**DATA EXTRACT:**
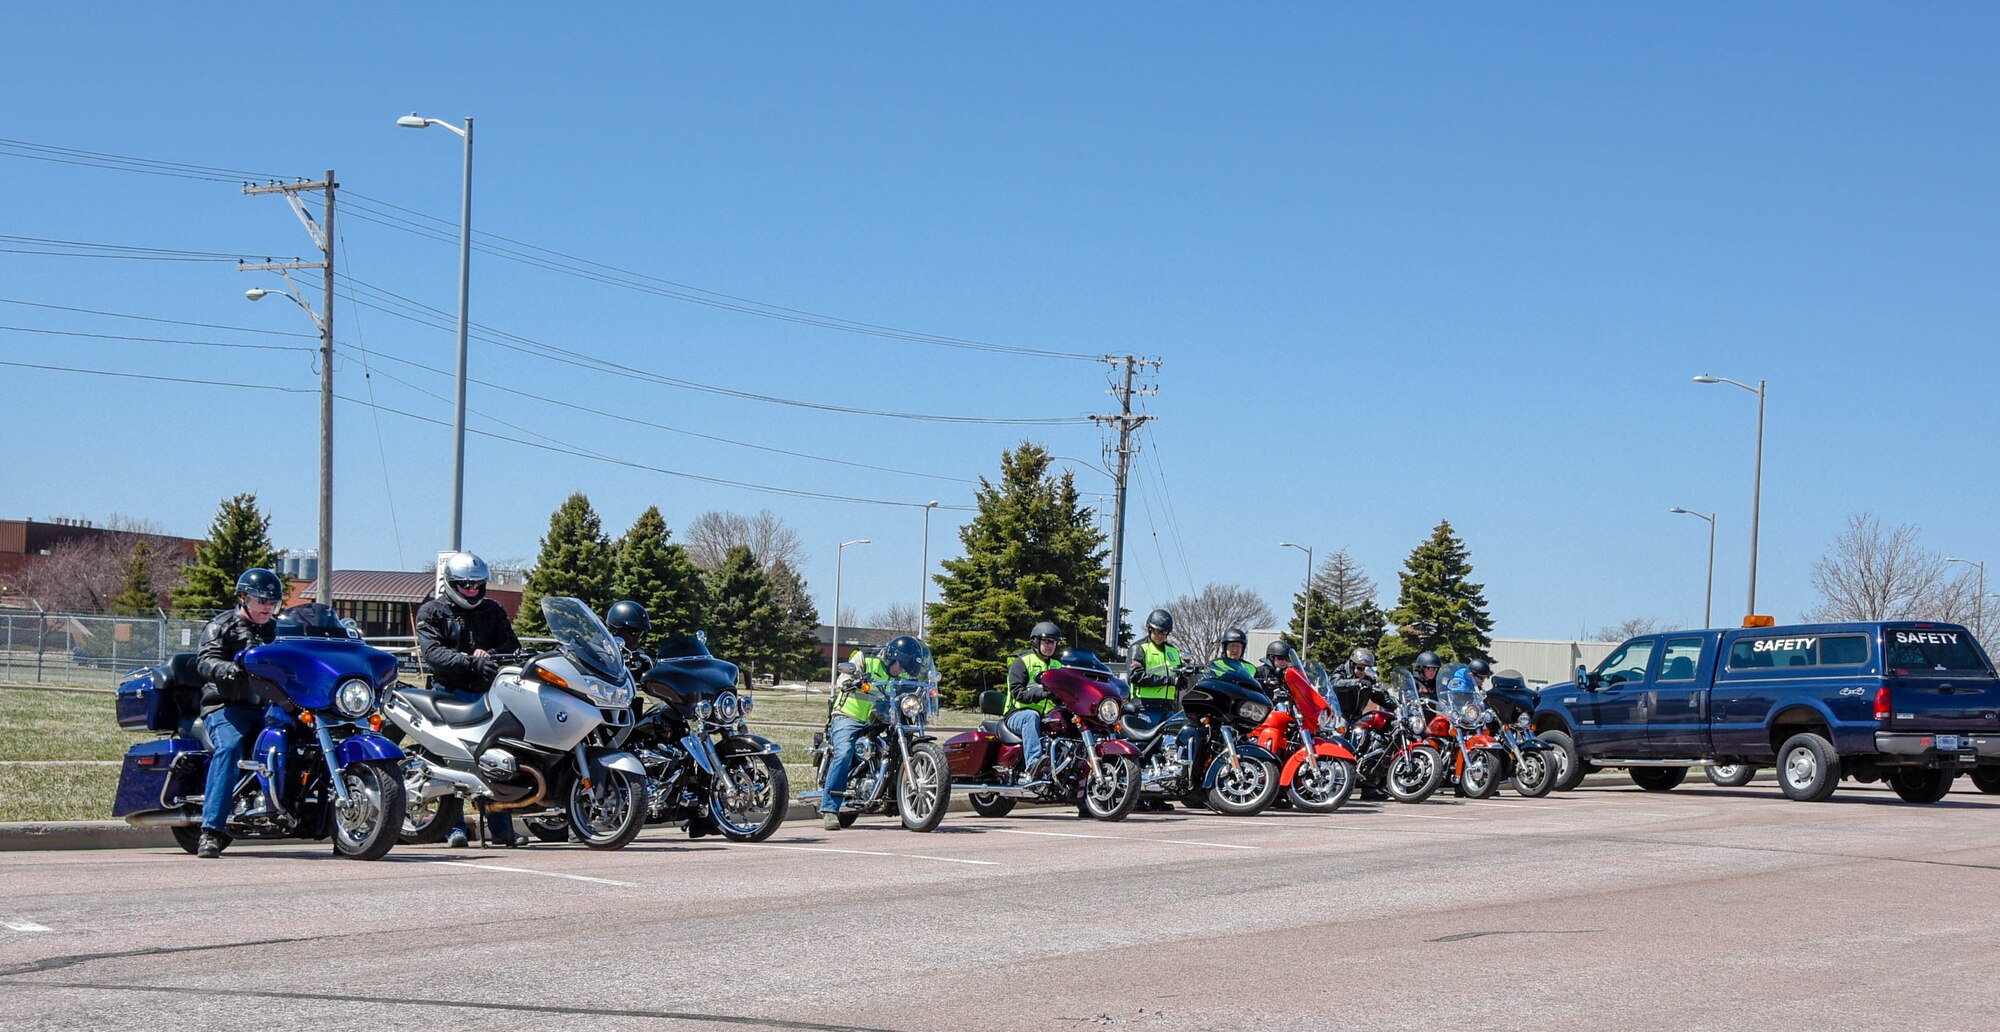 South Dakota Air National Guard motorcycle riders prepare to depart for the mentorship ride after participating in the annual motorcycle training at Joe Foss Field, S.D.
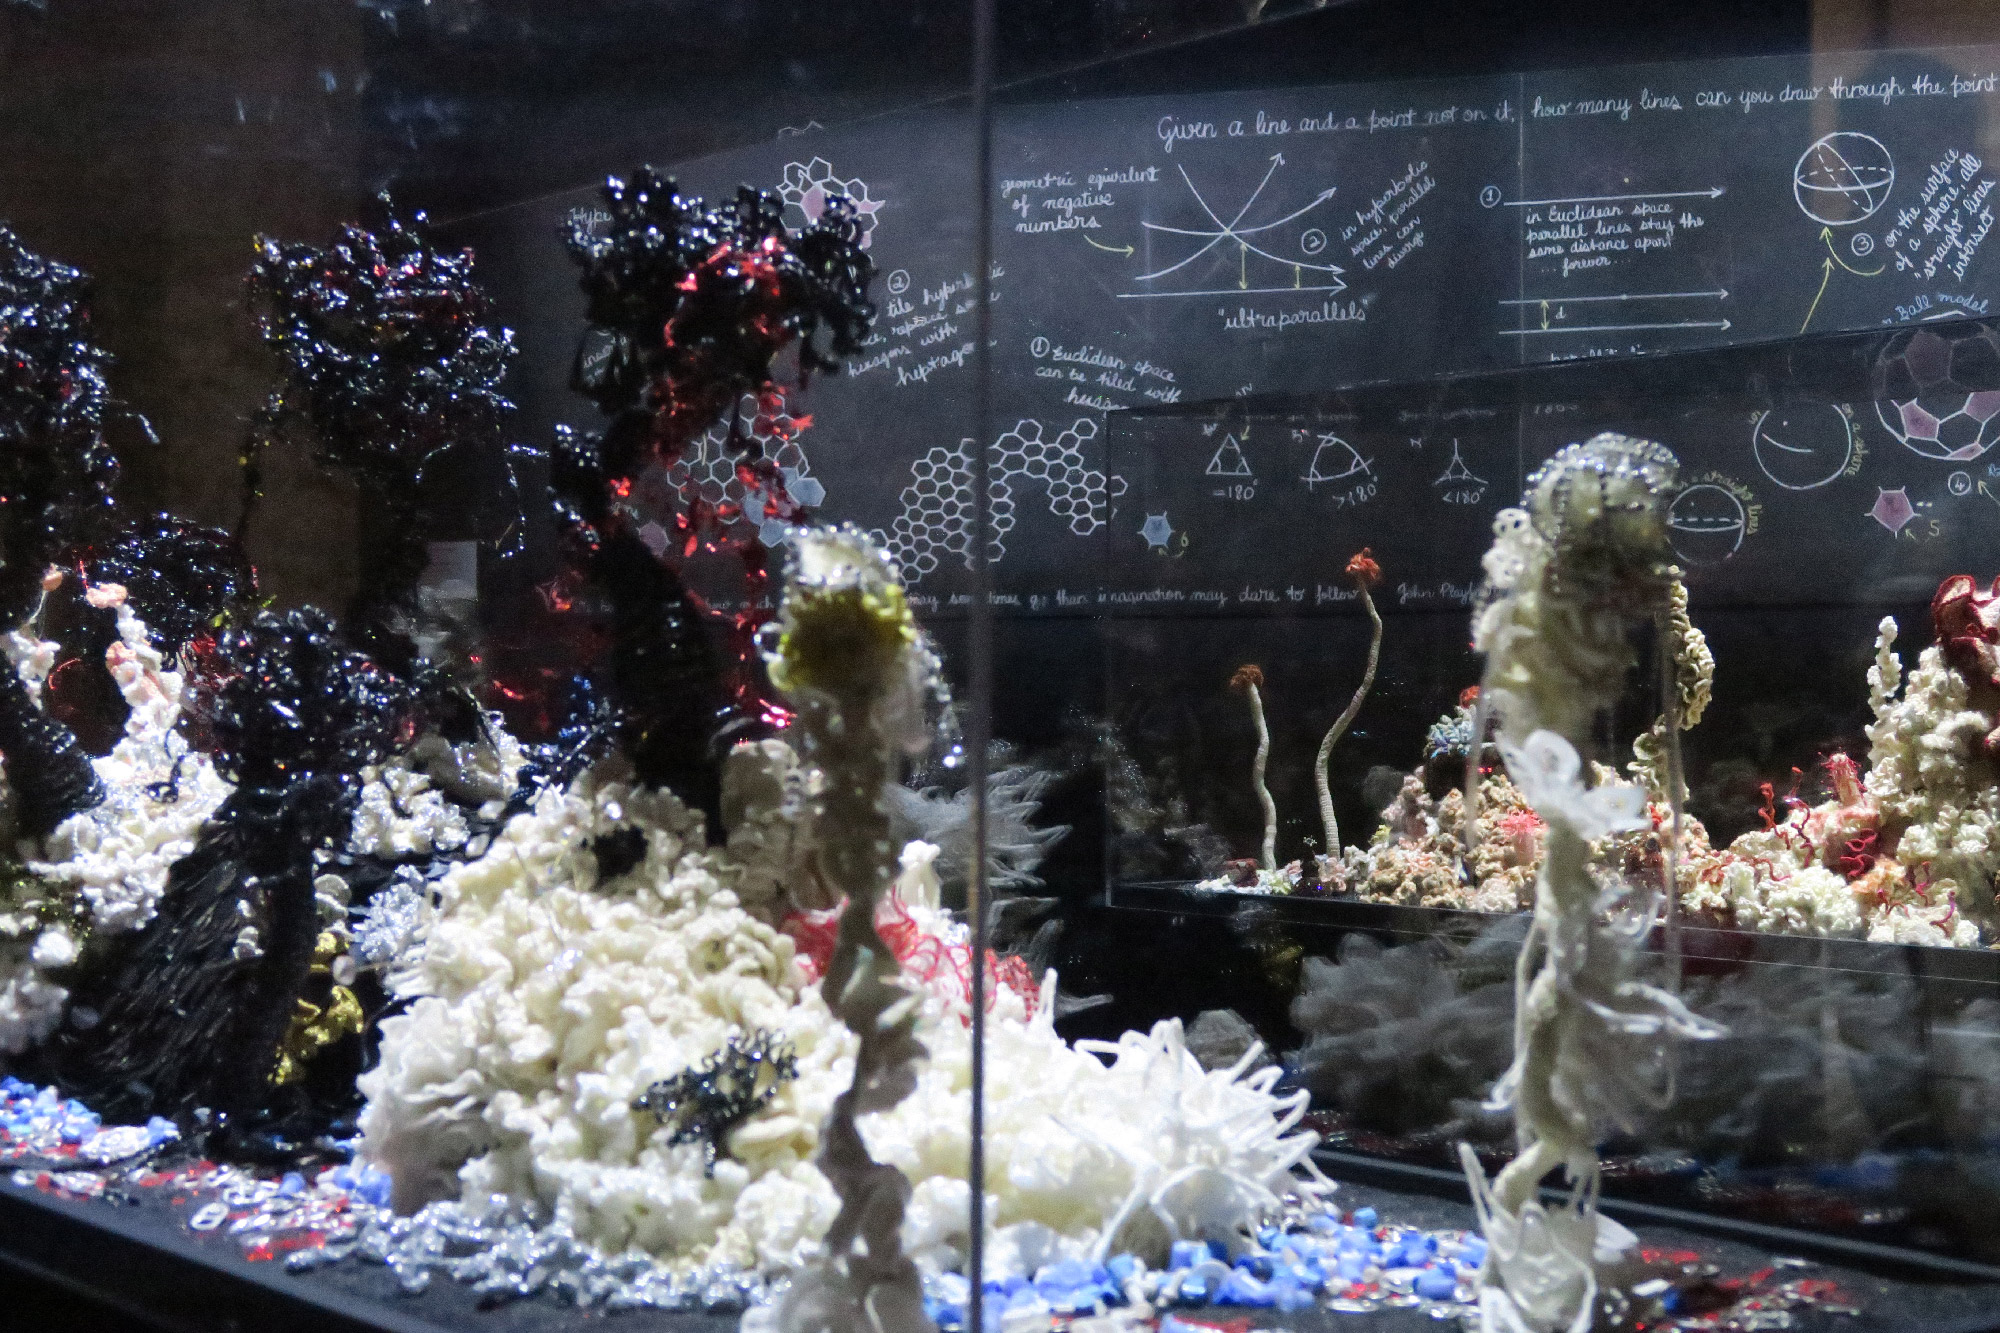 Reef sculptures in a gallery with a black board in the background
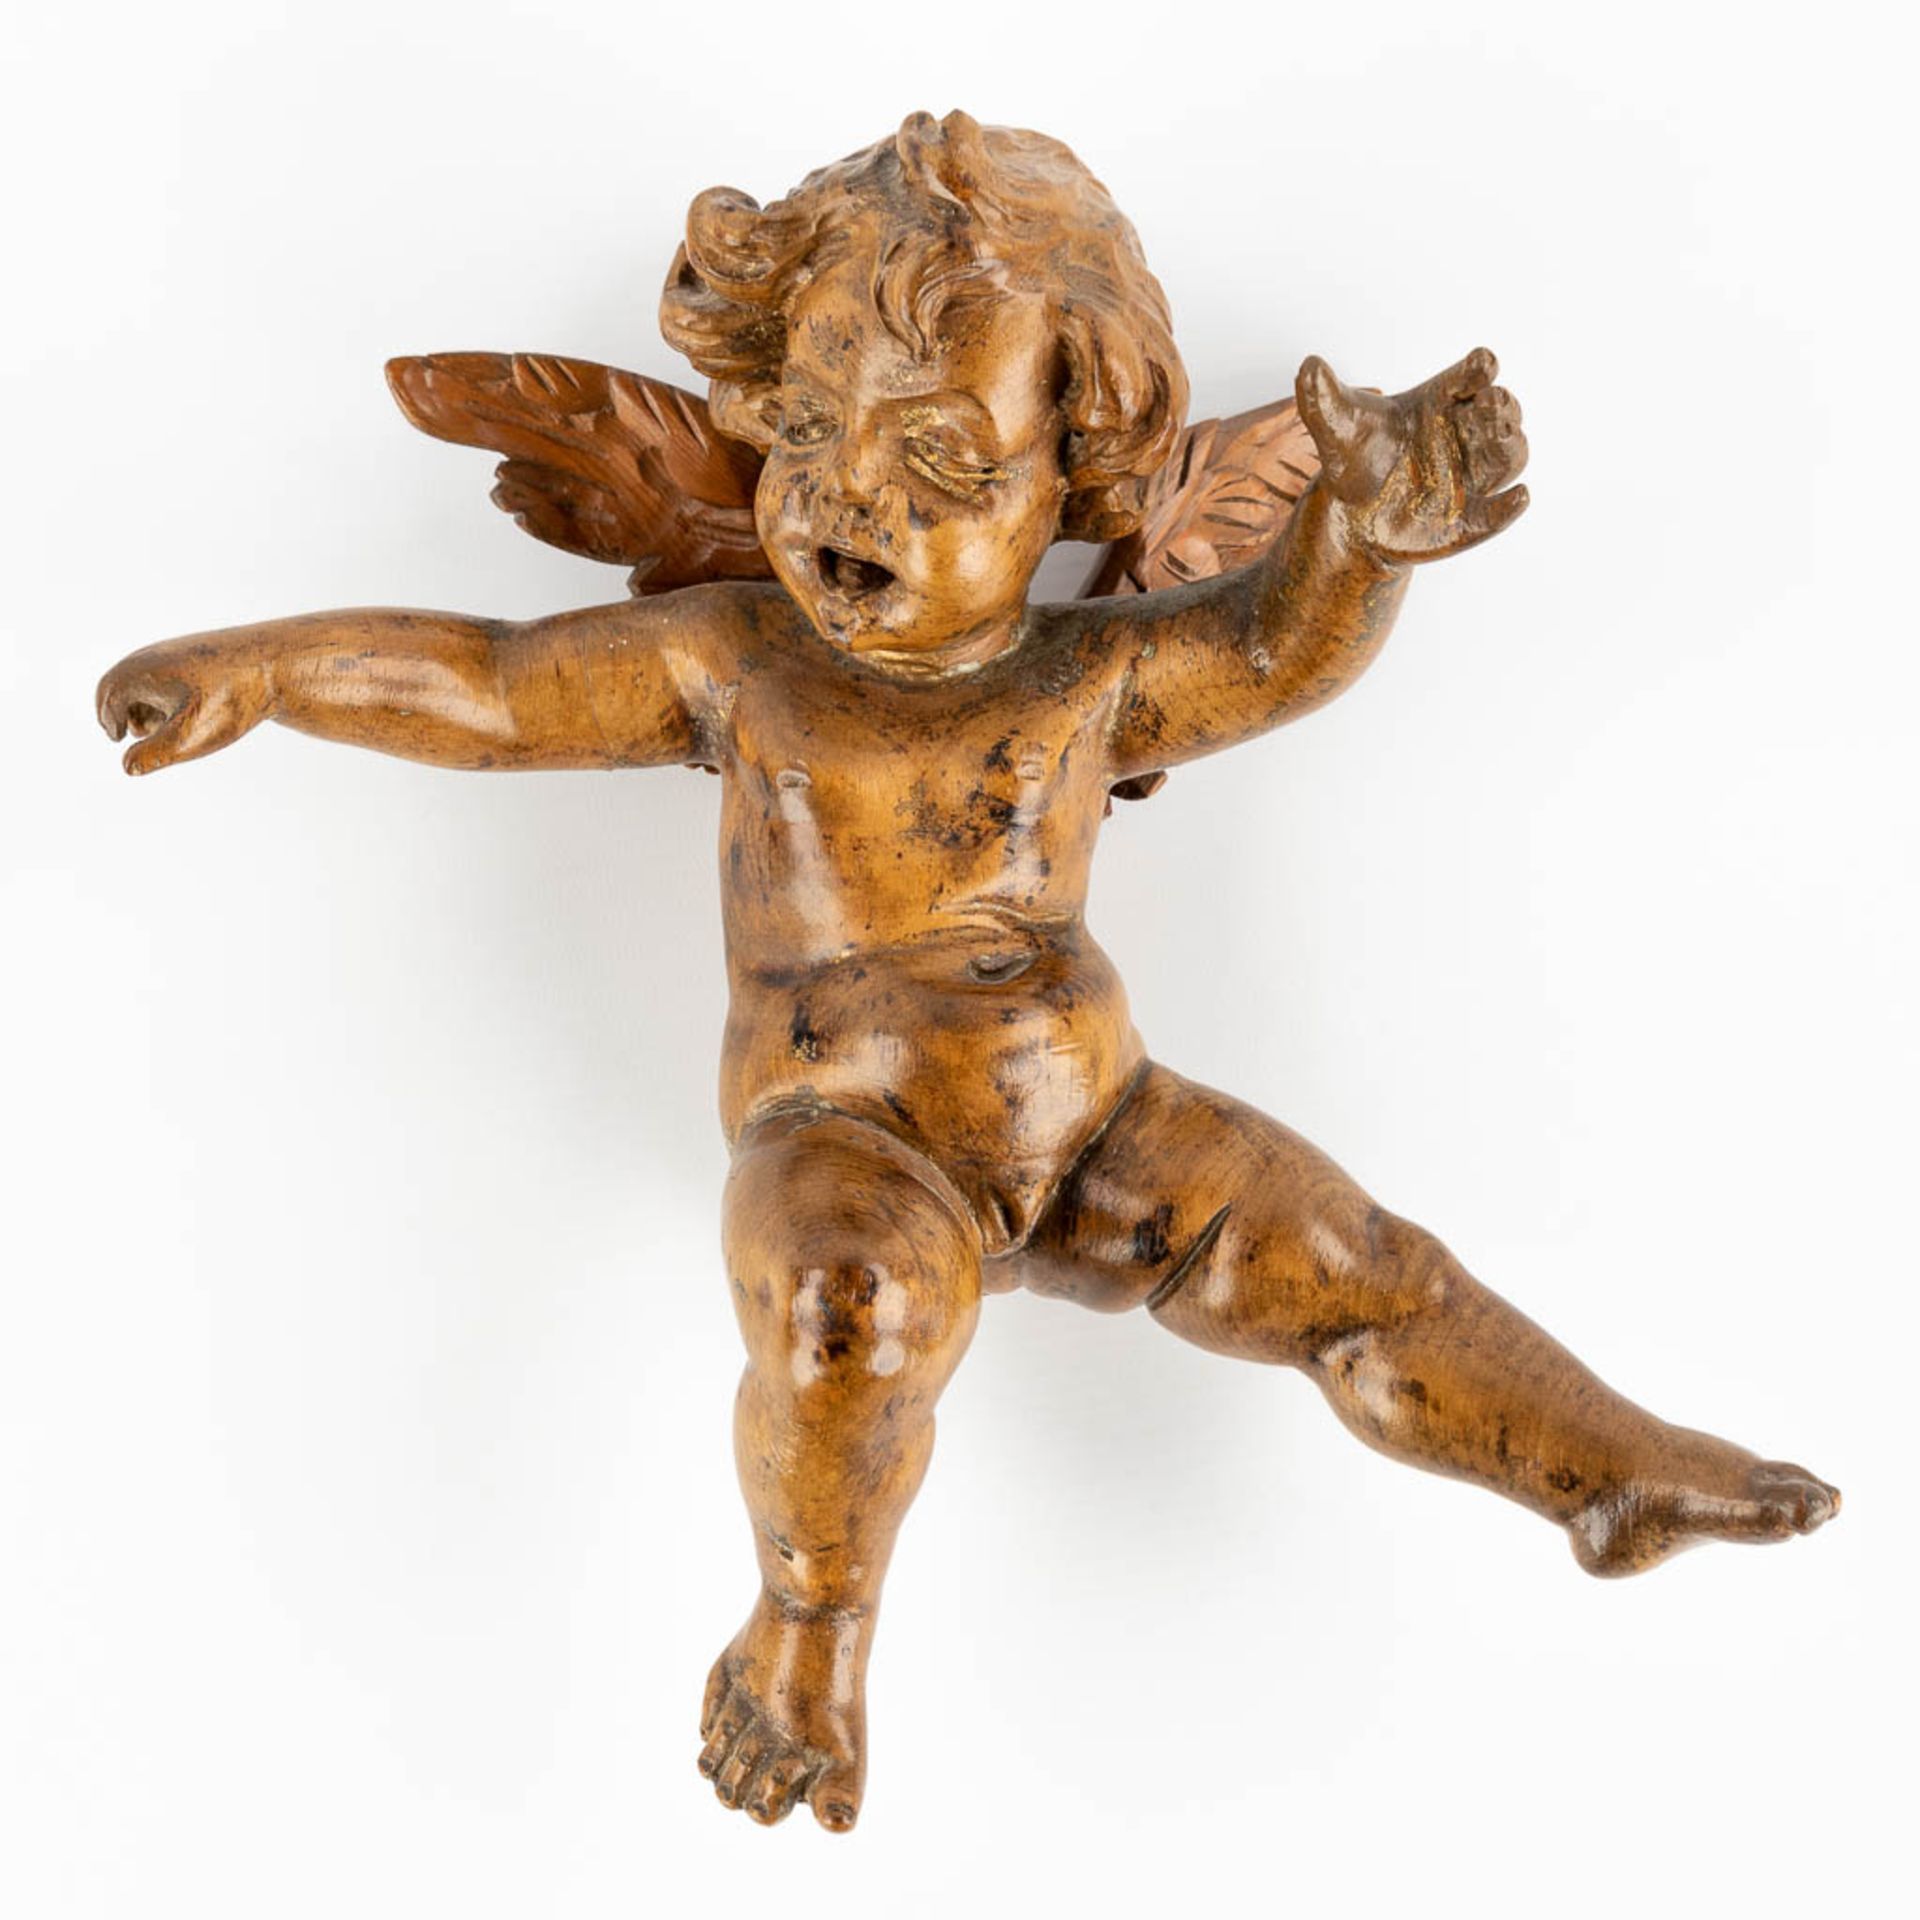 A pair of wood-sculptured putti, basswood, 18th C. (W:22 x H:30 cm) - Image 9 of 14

**PROMPT:** Restate all of the data word for word and include no pictures.

**OUTPUT FOR THIS TASK:**
 South Dakota Air National Guard motorcycle riders prepare to depart for the mentorship ride after participating in the annual motorcycle training at Joe Foss Field, S.D.
 Reef sculptures in a gallery with a black board in the background
 A pair of wood-sculptured putti, basswood, 18th C. (W:22 x H:30 cm) - Image 9 of 14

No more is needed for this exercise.